On Wednesday, however, Idaho became the first of those 10 states to have its so-called fetal pain law struck down by a federal court as an unconstitutional violation of Roe v. Wade.
Abortion-rights groups welcomed the Idaho ruling, and so did the National Right to Life Committee, from a different perspective. The committee voiced hope that an appeal would lead the case to the U.S. Supreme Court and produce a ruling upholding the right of states to use fetal pain as a ground for banning abortions after 20 weeks.
It could take at least a year, likely longer, for any legal challenge to reach the Supreme Court, even if the justices did agree to hear an abortion case.
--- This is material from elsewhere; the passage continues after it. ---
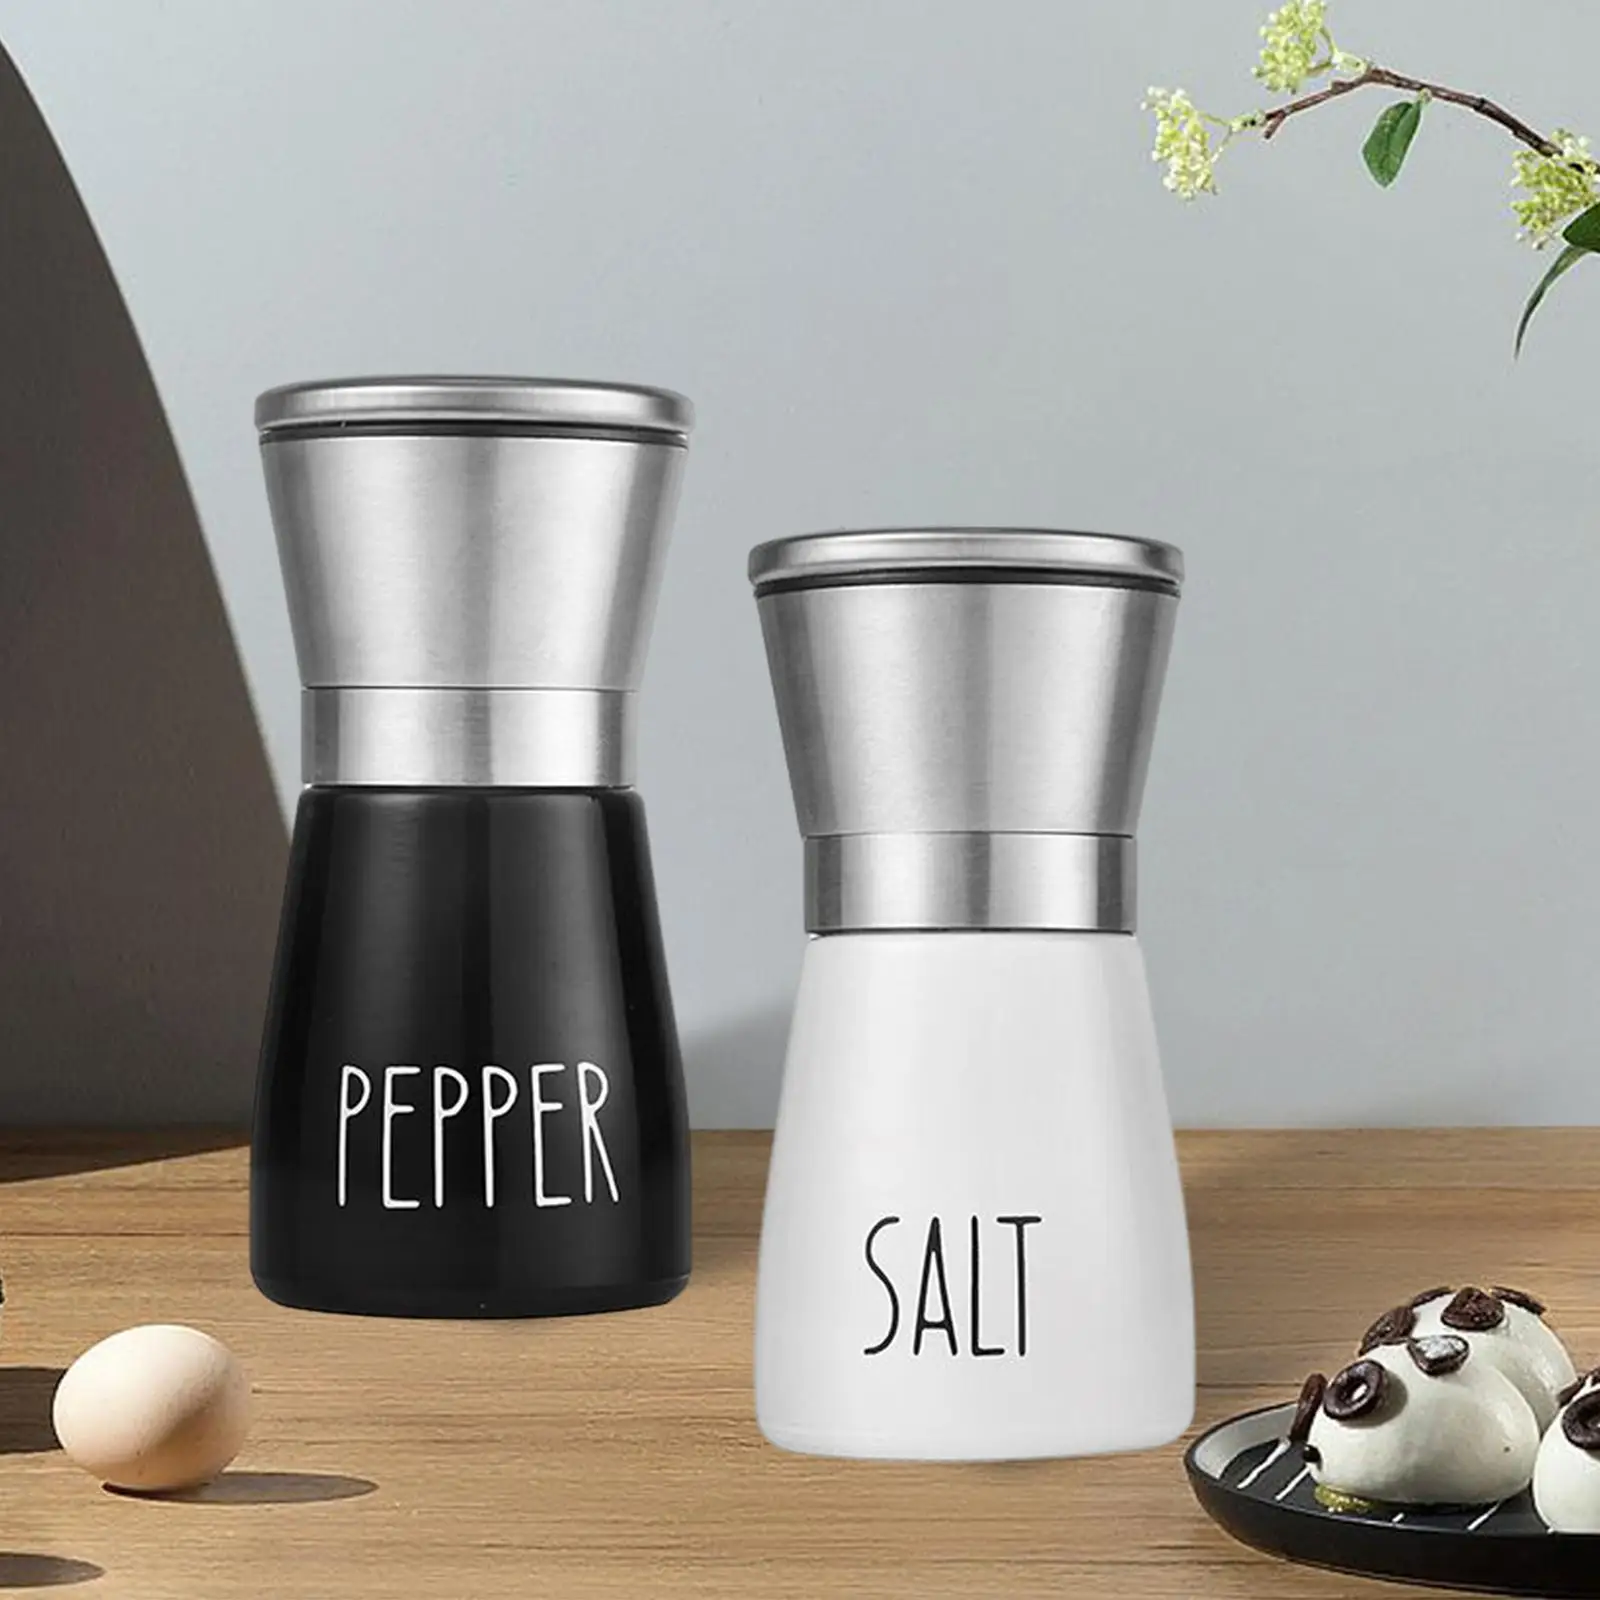 https://ae01.alicdn.com/kf/S3811c82ffe8c4069b9f1c0ba6f2c7a05E/Set-of-2-Refillable-Salt-Pepper-Grinder-Set-Stainless-Steel-for-Home-Barbecue-Party-and-Every.jpg

And there’s no guarantee the court’s makeup would be the same; at present, it’s generally viewed as representing a 5-4 majority in favor of upholding Roe, with Justice Anthony Kennedy considered a swing vote willing to consider some substantive state-level restrictions.
Steve Aden, who helps oversee abortion issues for the Christian legal group Alliance Defending Freedom, suggested that the 20-week bans had a better chance of reaching the high court than measures such as the heartbeat bill or the new Arkansas ban.
However, he said the entire swath of bills conveyed a common message.
“What they demonstrate,” he said, “is that there’s a tidal wave of sentiment at the grass-roots level that abortion is unconscionable and that states should do their utmost in restricting it.”
From the other side of the debate, Nancy Northup of the Center for Reproductive Rights said she saw some educational value in laws like the Arkansas ban.
“They reveal what the end game is, which is to ban abortions as early as possible,” she said. “This isn’t chipping away. It’s taking a sledgehammer.”